Posts featuring David Goudreault

Meet the Publisher: Book*hug’s Hazel Millar and Jay MillAr on French Canadian Literature in Translation

"We realized that we were interested in risk."

Book*hug is an independent Canadian publisher based in Toronto. Since 2004, the press has been committed to bringing underrepresented voices into print and to pushing the boundaries of what literature can be. Book*hug’s first title was translated from the Danish and the press has gone on to publish numerous Scandinavian works in translation alongside French Canadian titles. Sarah Moses, Asymptote’s Editor-at-Large for Argentina, sat down with co-publishers Hazel Millar and Jay MillAr, to chat about their interest in works that take a risk, how translation fits in with what they’re doing as a press, and a few of the titles by French Canadian authors that they’re excited about.

Sarah Moses: How did Book*hug get started?

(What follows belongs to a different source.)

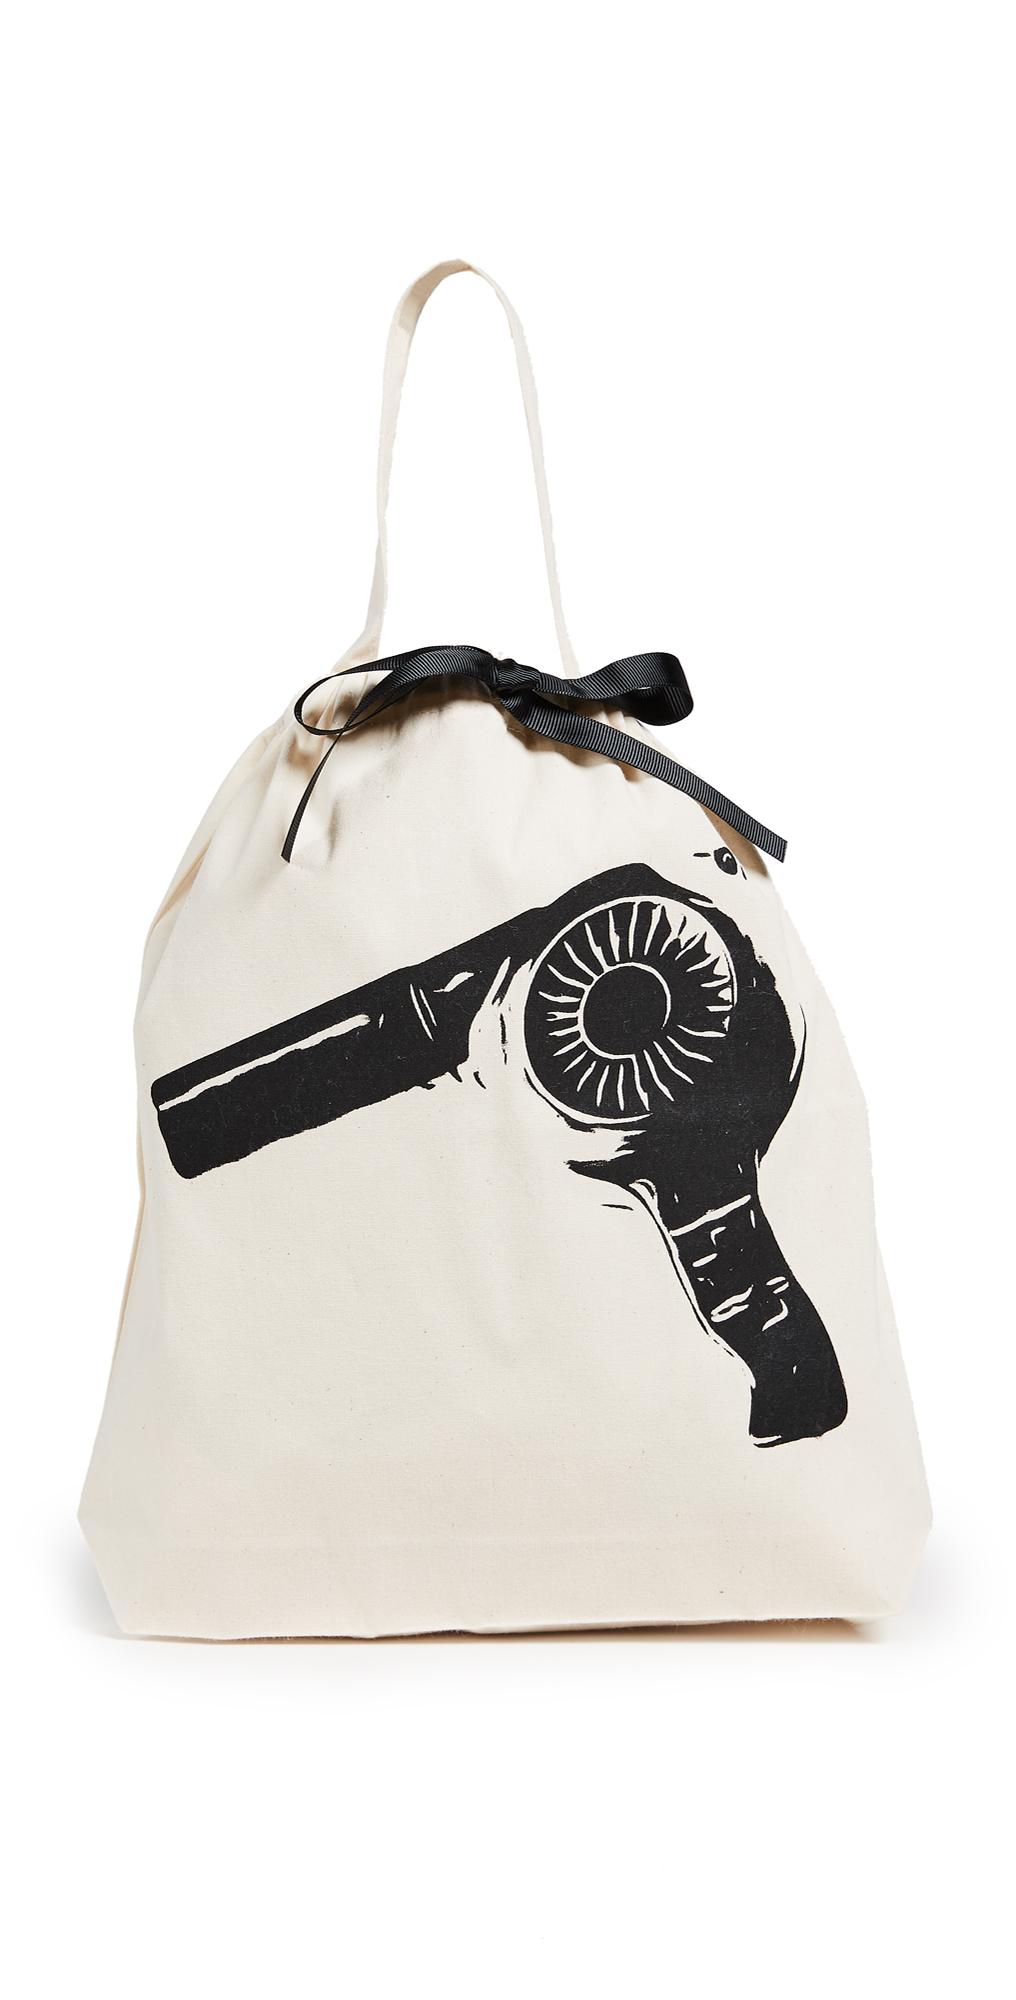 Hairdryer Organizing Bag
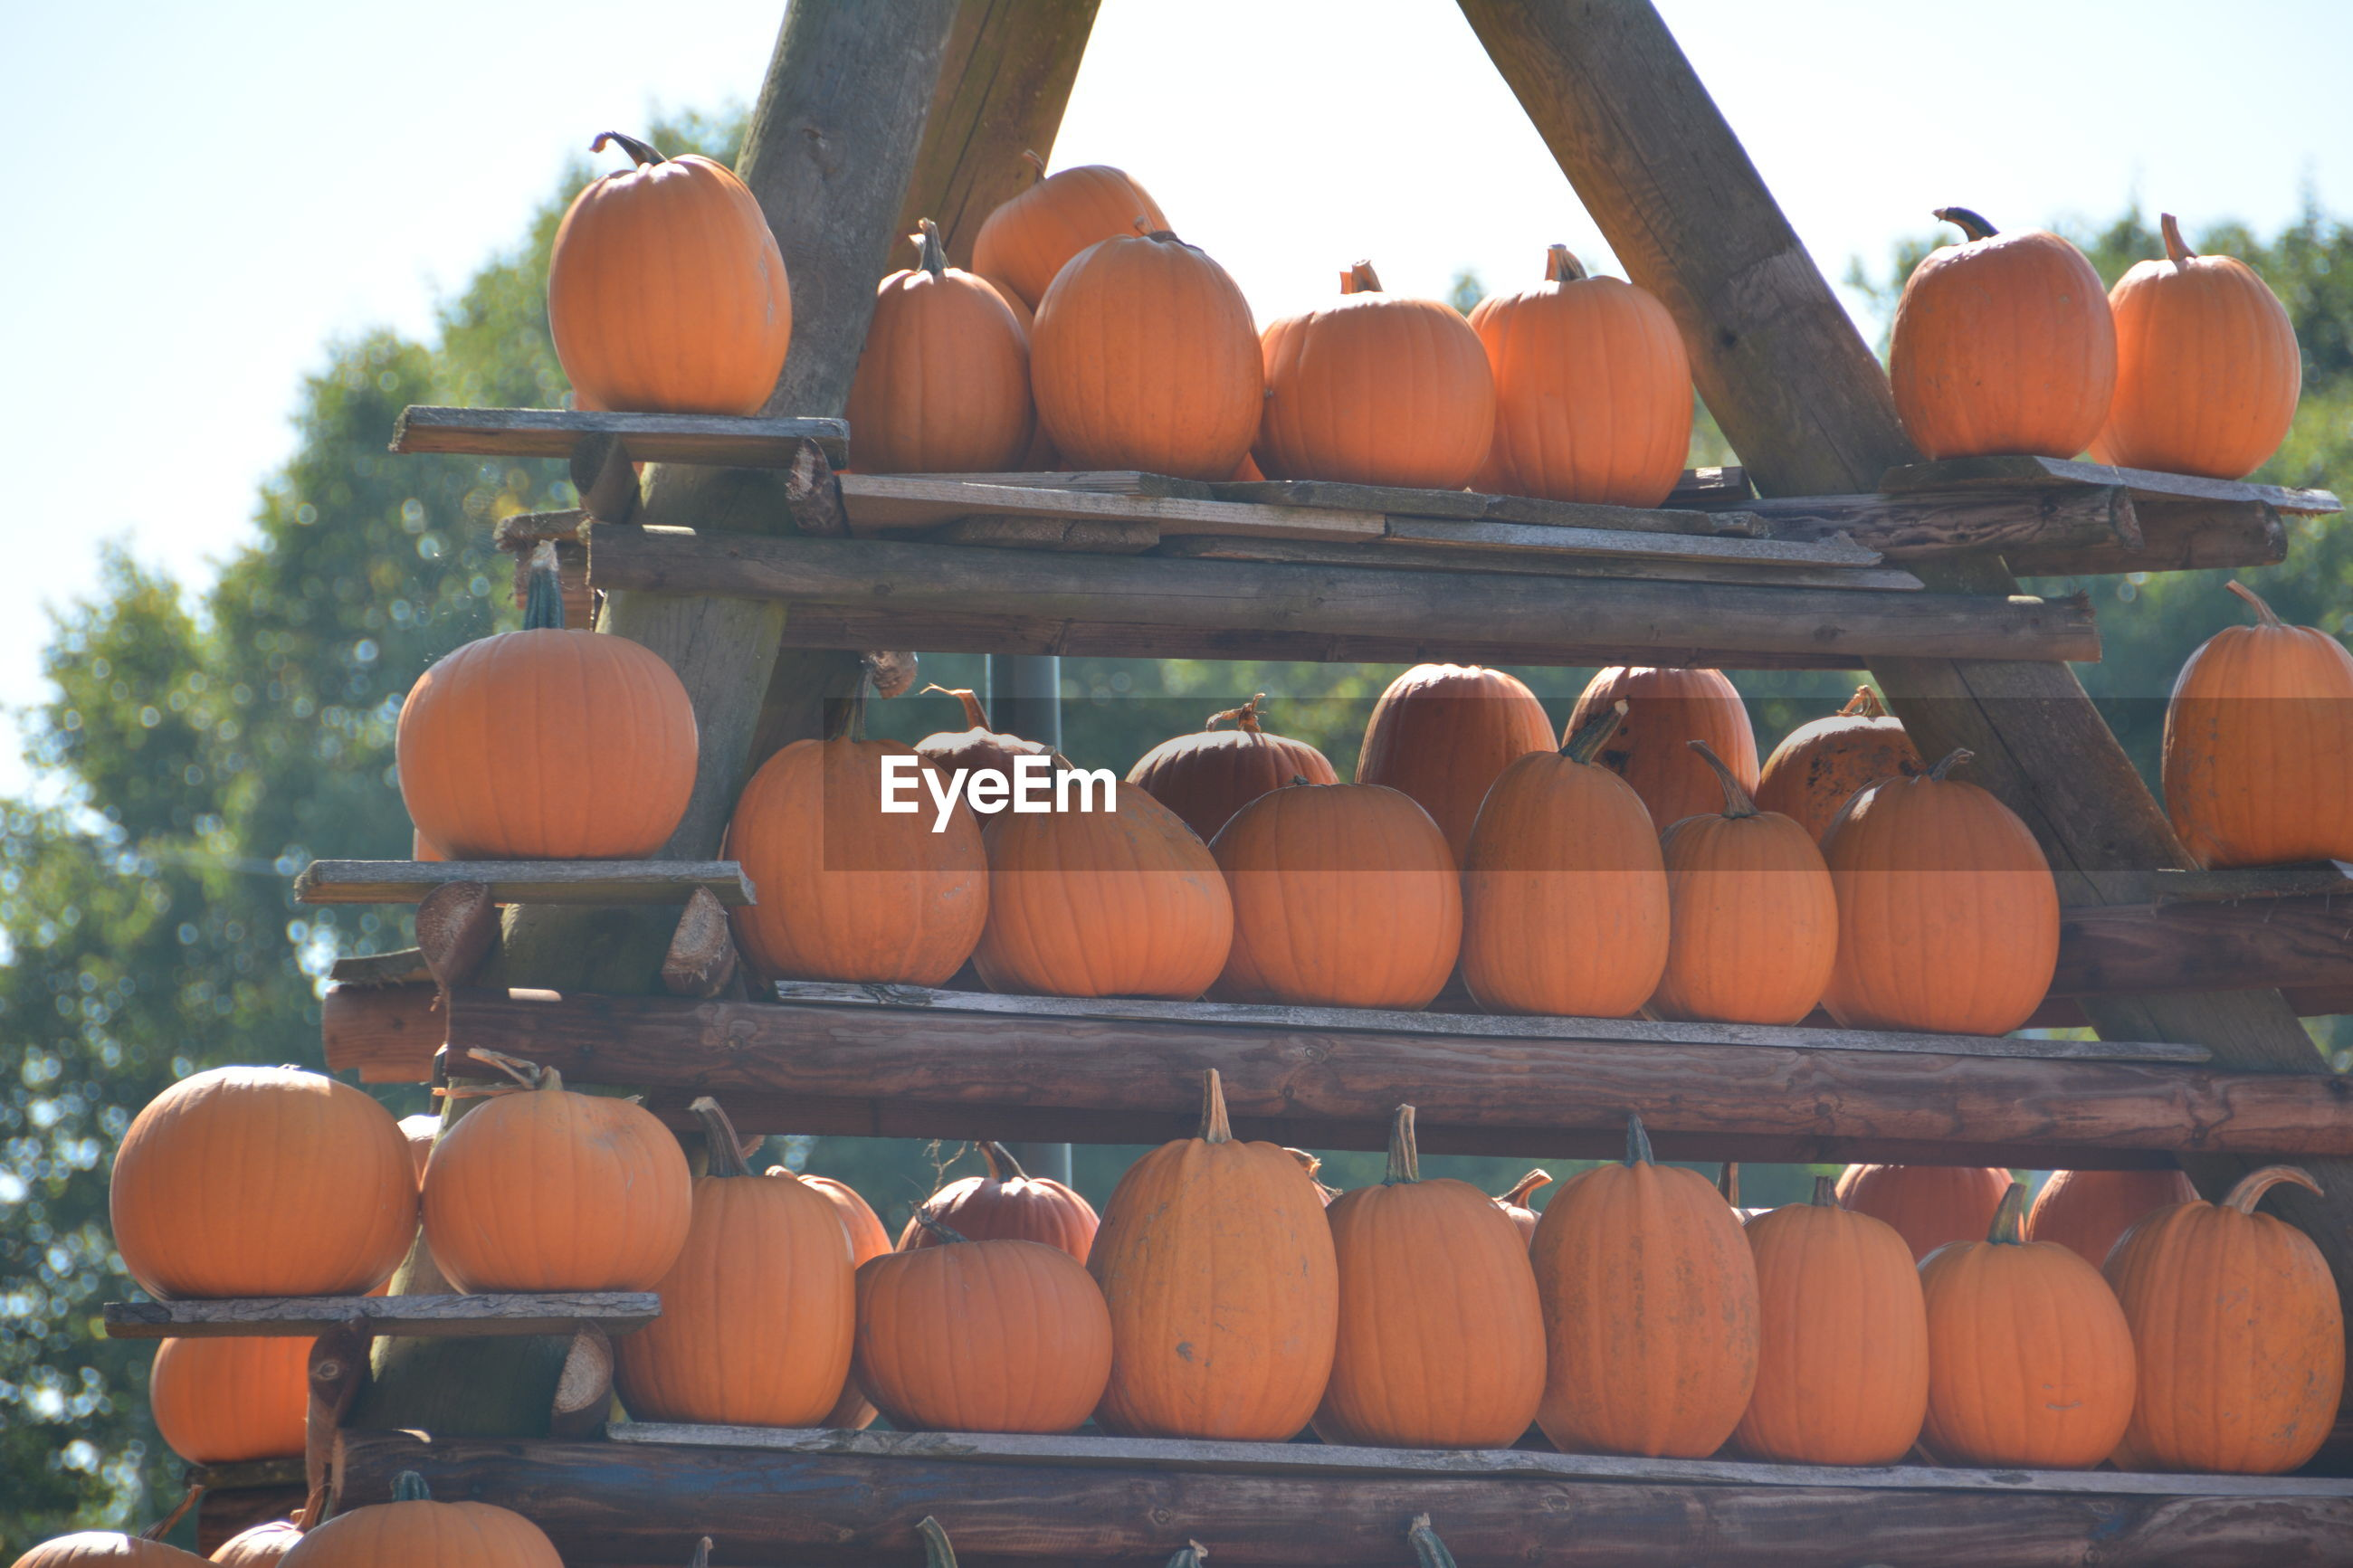 Pumpkins arranged on shelves for sale at market

Jay MillAr: The first book that we ever published was a translation. The Toronto International Festival of Authors always has a country of focus and in 2004 it was Denmark. A focus of the festival that year was on Denmark and there were all these writers coming to Toronto that didn’t yet have books translated in English so the assistant to the director was calling publishers and asking them if they would consider applying for money from the Danish Arts Council and then producing a book in English by one of the authors coming to the festival. I was working at Coach House Books at the time but they didn’t want to do it so I asked if it would be okay if I did it with my imprint, BookThug, which was at that time more or less a chapbook press. They said sure, go ahead, so I applied for the money and received a grant to cover the translation of a book called Pencil of Rays and Spiked Mace, selected poems by Niels Lyngsø, which was translated by Gregory Pardlo, an American poet who had been living in Denmark for some time and was interested in translation.